Pendant ce temps, les Jésuites se livraient à des traductions, à la direction de collèges, qui au tout début étaient au nombre de trois, avec 80 élèves, à l'évangélisation des zones païennes, comme les Agaw, qui obtinrent de l'empereur la promesse d'être protégés dans la mesure où ils accepteraient les Jésuites. Dans la correspondance de ces derniers, deux thèmes commencèrent à se faire jour: le problème du patriarcat catholique et celui d'un appui militaire. Le Négus demandait 1 500 soldats espagnols, grâce auxquels il pensait pouvoir se débarrasser de ses ennemis.
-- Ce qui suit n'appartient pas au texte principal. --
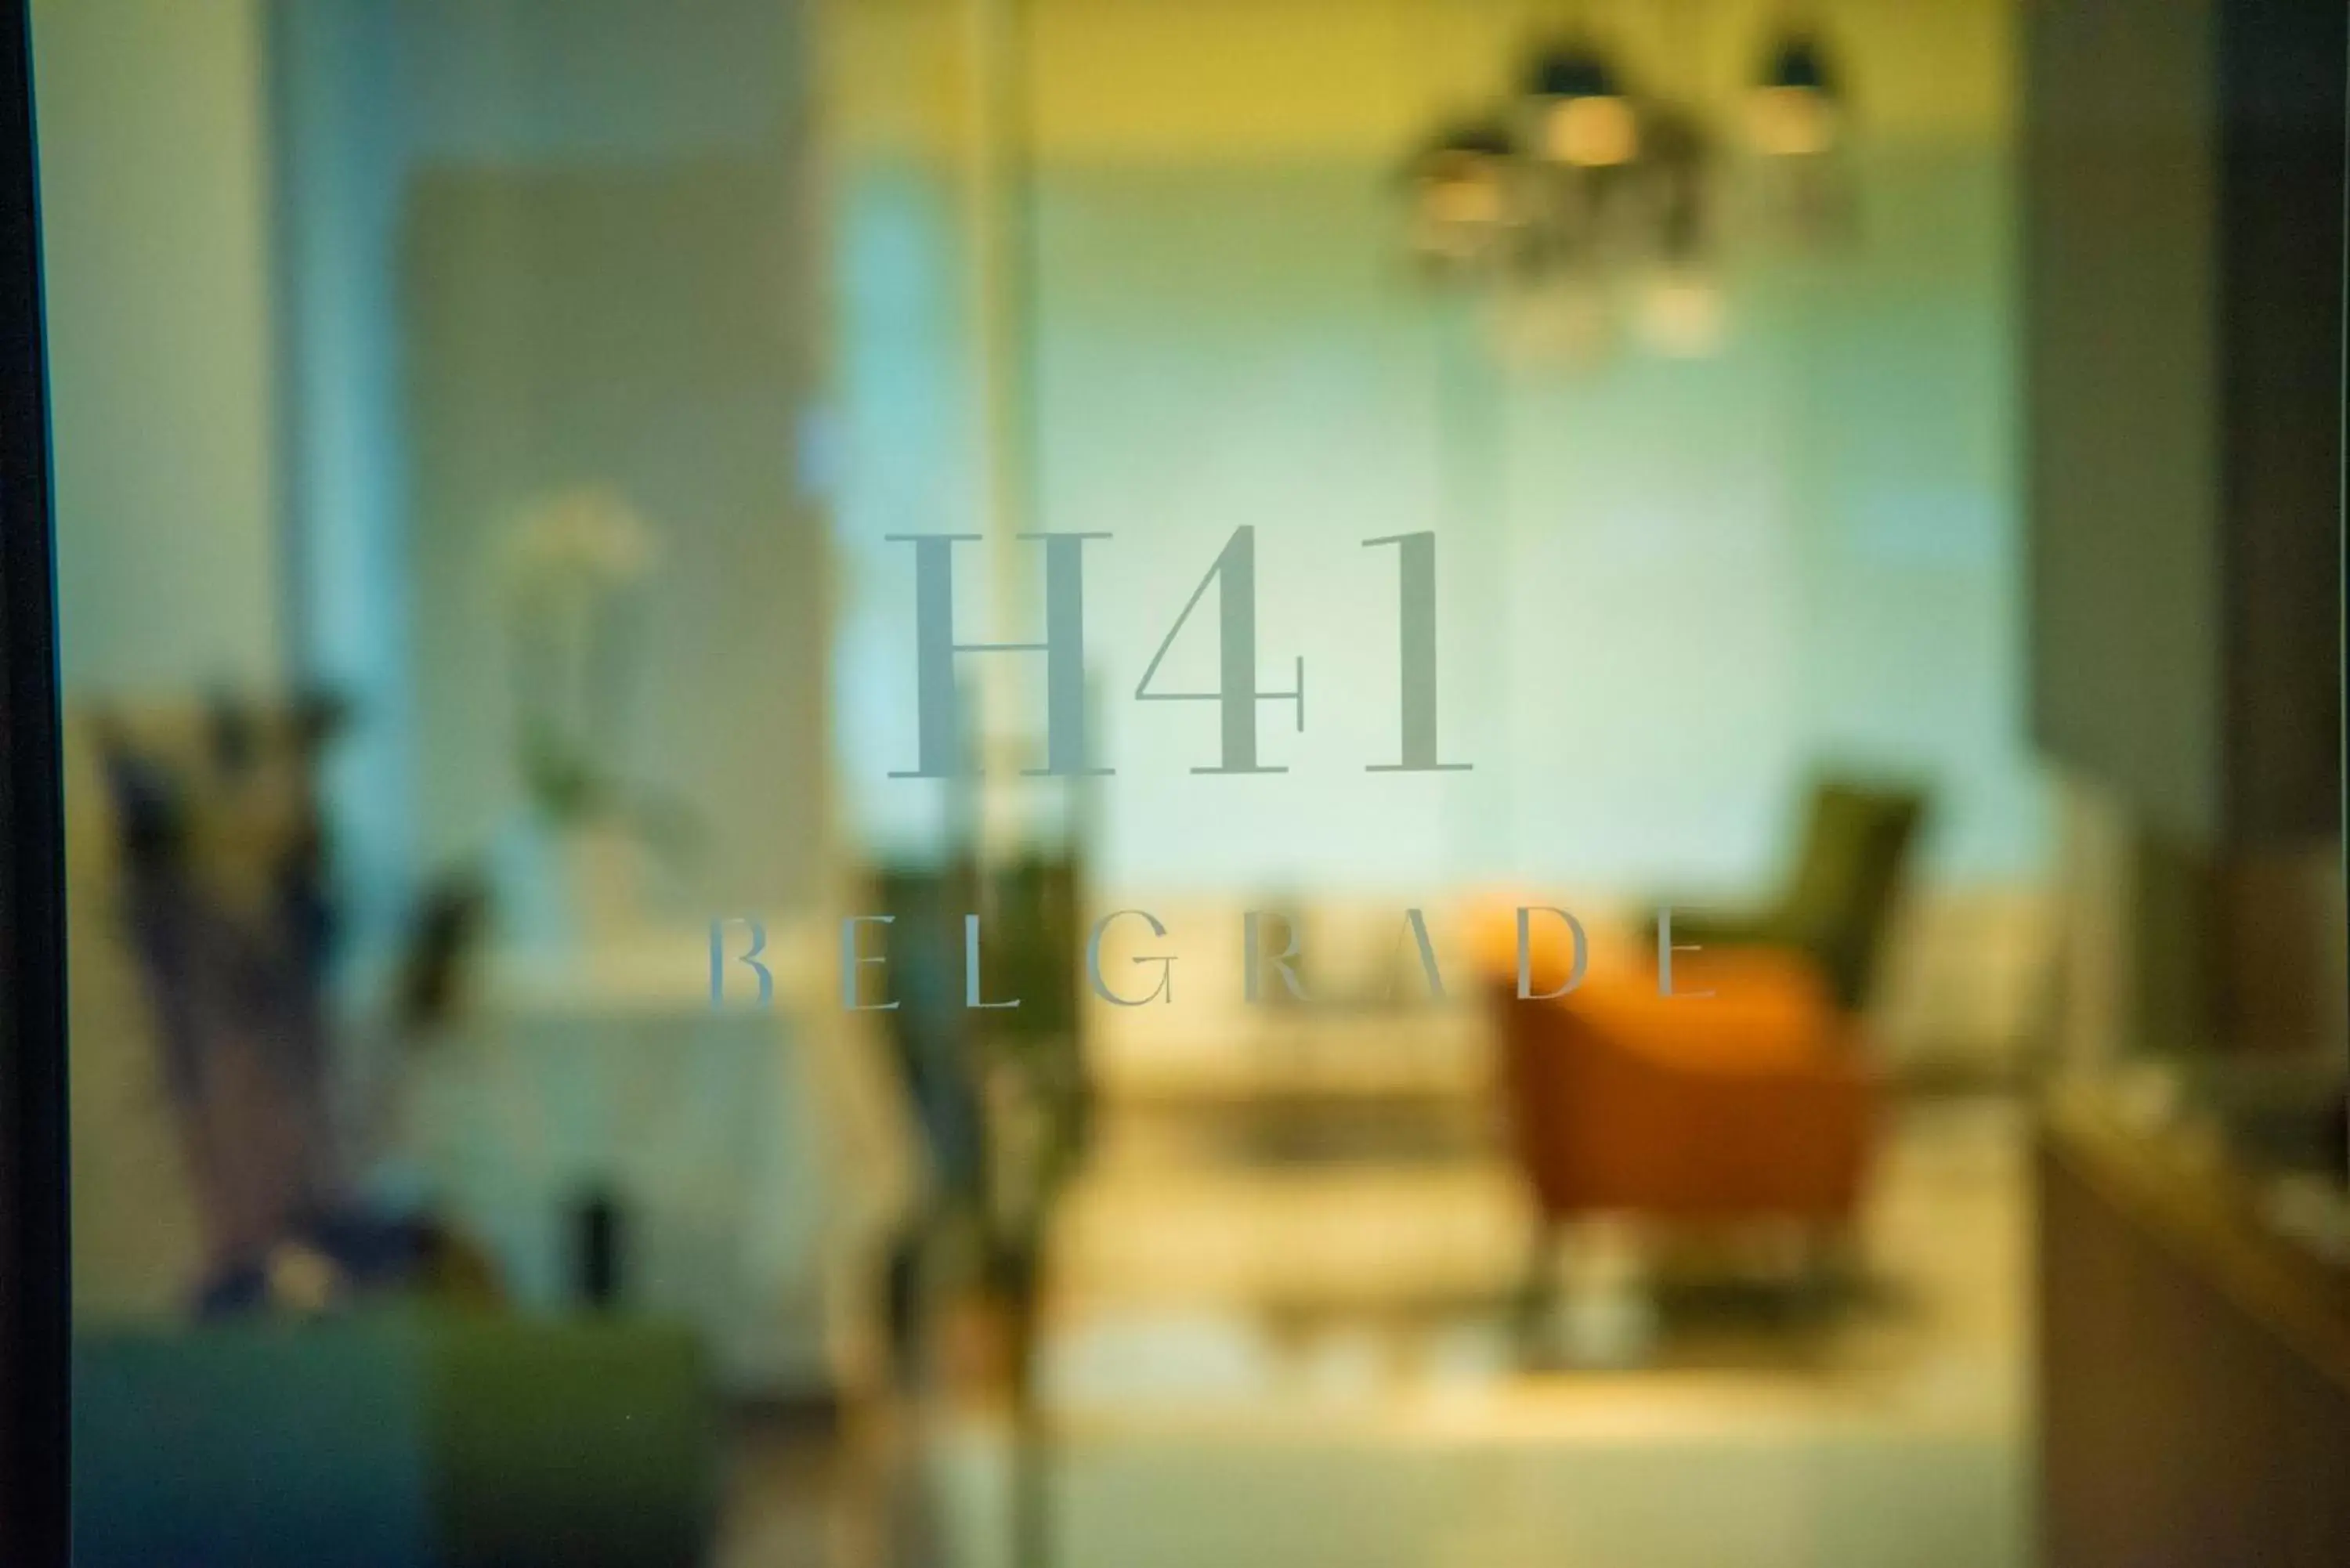 Property logo or sign in H41 Luxury Suites

Les difficultés croissantes, au lieu de calmer le zèle du souverain, excitèrent plutôt son amour-propre et son activisme. D'abord, il interdit l'observance du sabbat, puis, alors que croissaient les protestations des populations Damot21 , il proclama son adhésion au catholicisme. La cérémonie se passa solennellement le 2 novembre 1621. Dans un cadre fastueux, le trésorier impérial Mälke'a Krestos rappela les erreurs christologiques et la triste fin des ennemis de l'orthodoxie; il proclama valide pour le royaume la condamnation de Dioscore à Chalcédoine. La seule vraie doctrine était celle des deux natures en Jésus-Christ, doctrine non importée, mais enseignée depuis toujours en Ethiopie. La conclusionn fut: « elle est la foi de l'empereur et c'est aussi notre foi»22.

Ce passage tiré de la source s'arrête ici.